My Camera only has a 12-bit sensor, a 12-bit master is fine right?

I recently had a client that had pre-graded material that was coming to me for a final pass and mastering/deliverables. They asked me if 12bit dpx would be ok. This client was not local and the smaller file size would save time and money in data transfer fees.

I thought about this one for a second and replied irrevocably with a no. My answer would have been different if these were camera originals since the show was shot with a 12bit sensor. Here is why 16bit matters in a 12-bit capture and display world.

Uncertainty in Measurement

Uncertainty in Measurement is defined by wikipedia as “the range of possible values within which the true value of the measurement lies.”

When I was a young chap, I had an instructor who explained to me how Subway was ripping me off. Every time I ate there they were cheating me out of sandwich and getting away with it. The loophole was simple. The metric Subway uses is not very precise (or in our world translates to having a low bit depth.) Subway sells a “footlong” sub. Now that is 1’, not 1.0’, not 1.1’ or 0.9’. The end of Subway’s precision ends at 6 inches. It’s either a foot or a half of a foot. The problem here is in actuality the Subs are around 9-10 inches. How do they get away with cheating me out of 2 inches?

The cheat is effective by not using any zeros. Subway simply rounds to the nearest foot since that is all their mathematic language accounts for. Using Subways “precision” a “footlong” sub could be anywhere from 0.6 feet to 1.4 feet. To no one’s surprise, I have never had the luck to receive the latter, but have received many less than subs.

Ok, I’m hungry, but what does this have to do with an Arri Alexa?

Most current cameras work with less than 16bits of precision. This doesn’t mean that we should. Let’s take two parrell paths. Same operations, but one executed with higher precision.


Higher Precision Pipe

  1. Starting Captured code value = 9.0

  2. Graded down a stop (linear data) 9.0/2 = 4.5

  3. Mastered to a file that can accommodate the precision = 4.5

  4. Remastered in the future graded up a stop 4.5*2 = 9.0


Lower Precision Pipe

  1. Starting Captured code value = 9

  2. Graded down a stop with lower precision (linear data) round(9/2) = 5

  3. Mastered to a lower precision file = 5

  4. Remastered in the future graded up a stop 5*2 = 10


Now that is a super watered-down example but hopefully, you get the point. We land in a world where 2+2 doesn’t equal 4.
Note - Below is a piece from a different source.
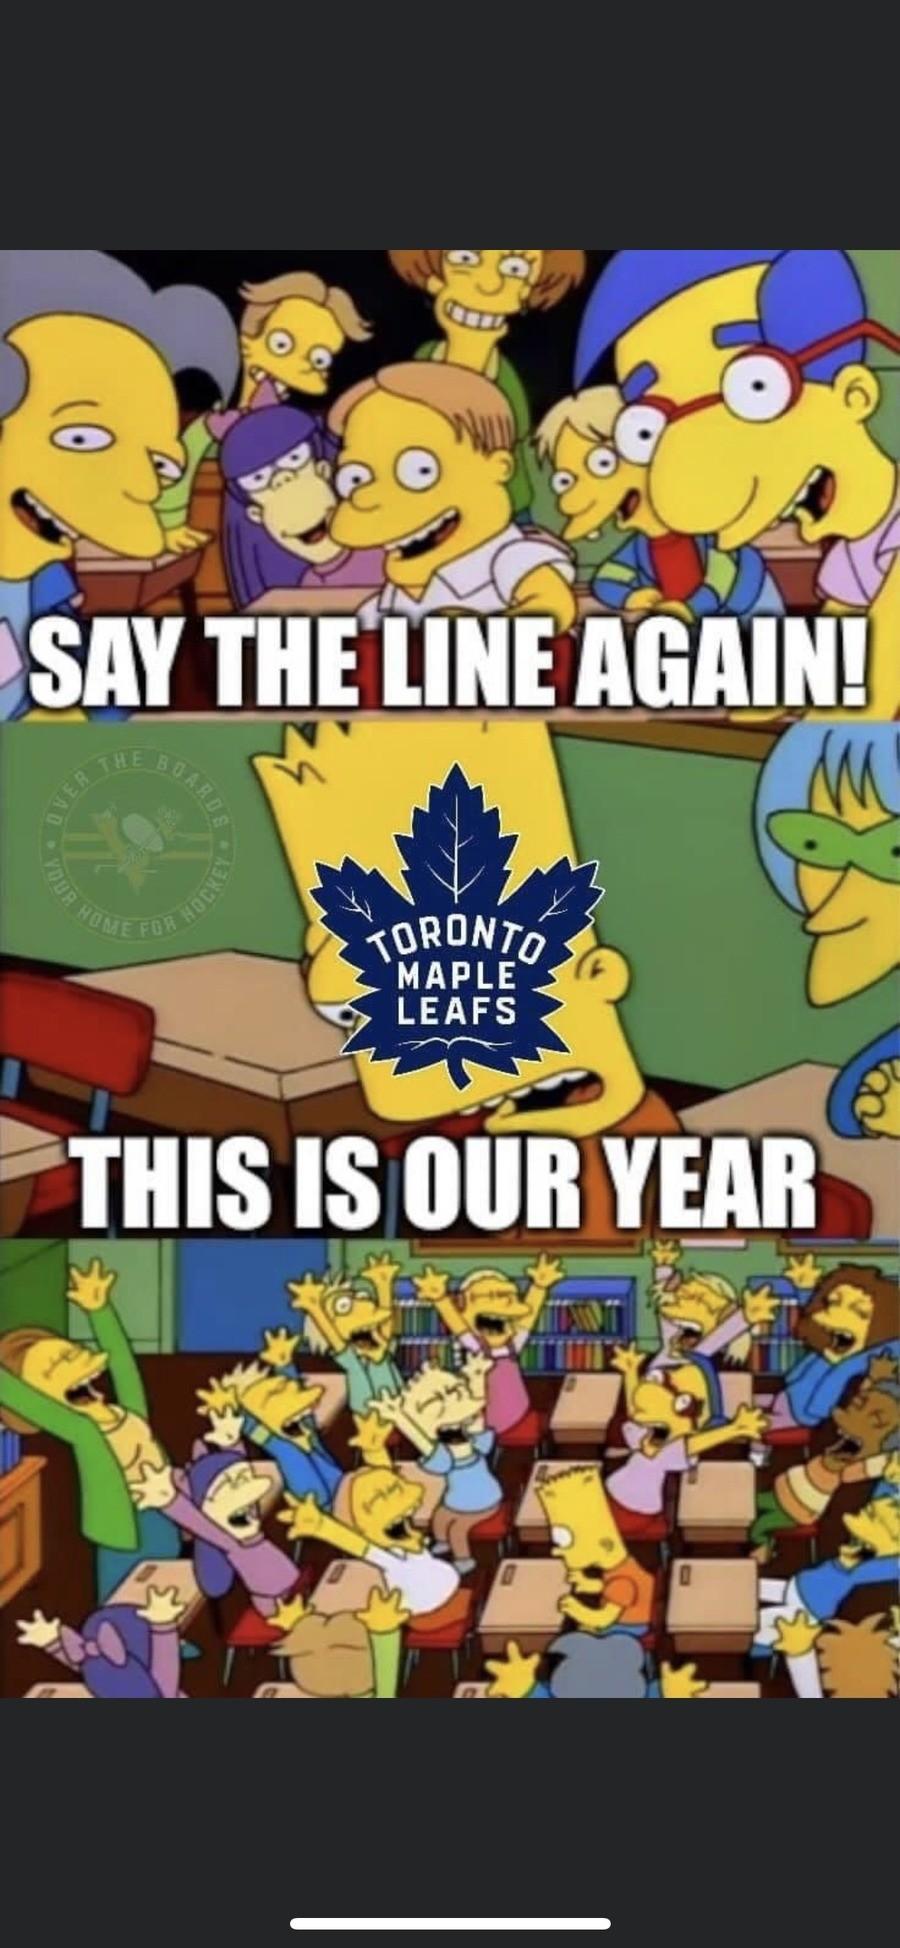 You'll start to slide in February. ..

Do we visually need the extra data? Is it worth it?

Absolutely not. Our current display systems have a 12bit precision at best. A 16bit file vs a 12bit file will look identical on the screen. The big difference is the 16bit file has more information about the path that was used to get there. Baselight and Resolve, both work at 32bit float internally. We should strive to retain as much information about what happened in the grade as possible. Additionally, GPU’s think in 8’s or 16’s. Even if a 12bit word is smaller it is padded to 16bit before processing. There is zero performance gain except for slightly less disk IO and usage. Visually two icebergs may look the same, but they can be very different under the surface.

Let’s protect our pixels by ensuring they have the best chance to weather the bends folds and manipulations that future generations will impact on them. 16bit is the new black ;)